Office manager splashes £40k on party in castle after stealing £900k from bosses


A woman splashed out £40,000 on a Halloween party in a castle after stealing over £900,000 from her property firm bosses where she worked as an office manager.

The large property firm in Edinburgh was conned out of a fortune by Emma Hunt over three years by pilfering rent payments made by tenants.

Despite having an office manager salary of £1,800 a month, Emma was able to live like a millionaire by diverting rent payments due to McClean Properties into accounts she controlled, the Daily Record reports.

The 37-year-old used the money to indulge in a spending spree on luxury holidays, hotel stays and expensive cars.

A massive £40,000 of the illegal gains were used to host a lavish Halloween party in a 16th-century castle with the marquee alone costing £12,000.

She treated friends and family to extravagant VIP days out at major sporting events including the Scottish Open golf championship.

As well as shelling out over £6,500 on a trip to Dublin, she also took her mum on a trip to a five-star all-inclusive resort in the Caribbean.

Emma’s crimes were finally uncovered by the bosses after a tenant queried the payments. When giving evidence at Edinburgh Sheriff Court she denied the offences by spinning a web of lies.

The swindler made claims that the boss at the property firm, who is now deceased, allowed her to spend the cash to buy her silence, telling jurors that prostitutes were being put up in flats.

Her claims were rejected by the jury who found her guilty of stealing more than £900,000. 

Emma even told friends that she had raked in huge sums of money from running her own cleaning business.

“Hunt is a fantasist but she is also very clever. The way she was able to keep this fraud from being discovered for such a long time shows she knew what she was doing,” a source said.

The crimes started shortly after Emma started working as an office manager at McLean Properties in 2016, the court was told. 

A joint minute of agreed facts was read to the jury by Fiscal depute Connor Muir detailing Hunt’s wild spending sprees. These included:

  • £39,244 on a Halloween bash in 2018 for around 80 people at the 16th century Fenton Tower, near North Berwick.

  • A birthday party in 2016 for herself and 19 others at Musselburgh Racecourse in East Lothian for £3000.

  • Hospitality for Ladies’ Day at the same racecourse for 20 people in both 2017 and 2018, paying £6360 and £6600 respectively.

  • She bankrolled hospitality packages in 2018 for 12 friends at the Scottish Open at £300 per person.

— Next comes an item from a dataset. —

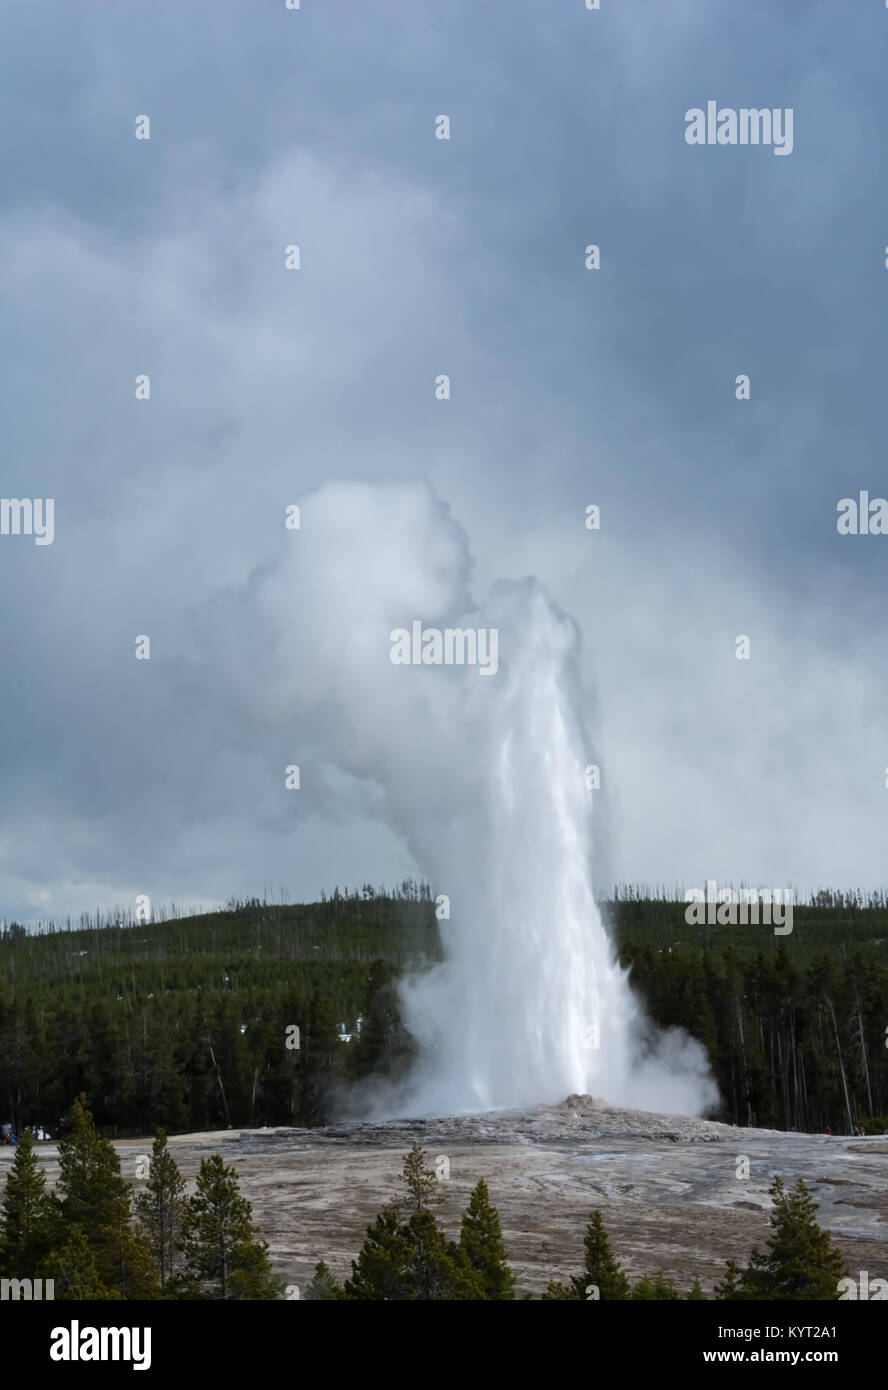 A coumn of water and steam jets higher than the sorounding hills once again as Old Faithful erupts. Stock Photo

  • £7180 was spent at Murrayfield Stadium for hospitality packages for 10 people at the ­Scotland v England Six Nations clash.

  • At least £23,219 on ­accommodation around Edinburgh at a string of top-class hotels, such as the swanky Principal and the five-star Caledonian, between 2016 and 2019.

McLean Properties – understood to be controlled by members of Edinburgh’s well-known Crolla family – feared money might be missing for several months before Hunt was caught.

The jury was told Hunt’s key role in controlling financial paperwork allowed her to continue covering her tracks.

Rather than giving the company’s bank details for rent payments, Hunt was using her own. Deposits were taken from student tenants who weren’t usually charged this fee according to company policy.

A later ploy involved invoices being amended by her from outside firms carrying out services including maintenance.

By arranging new payments for old invoices which were already settled, she had even more means to obtain funds. She would contact the firm which received the cash, claim it was a mistake, and have the sums repaid into her own account.

She was finally sacked following investigations by her bosses and the police being called in. A tenant had contacted McLean Properties to say they’d been asked to change the account to whom they made rent payments.

Sheriff John Mundy deferred sentence for reports.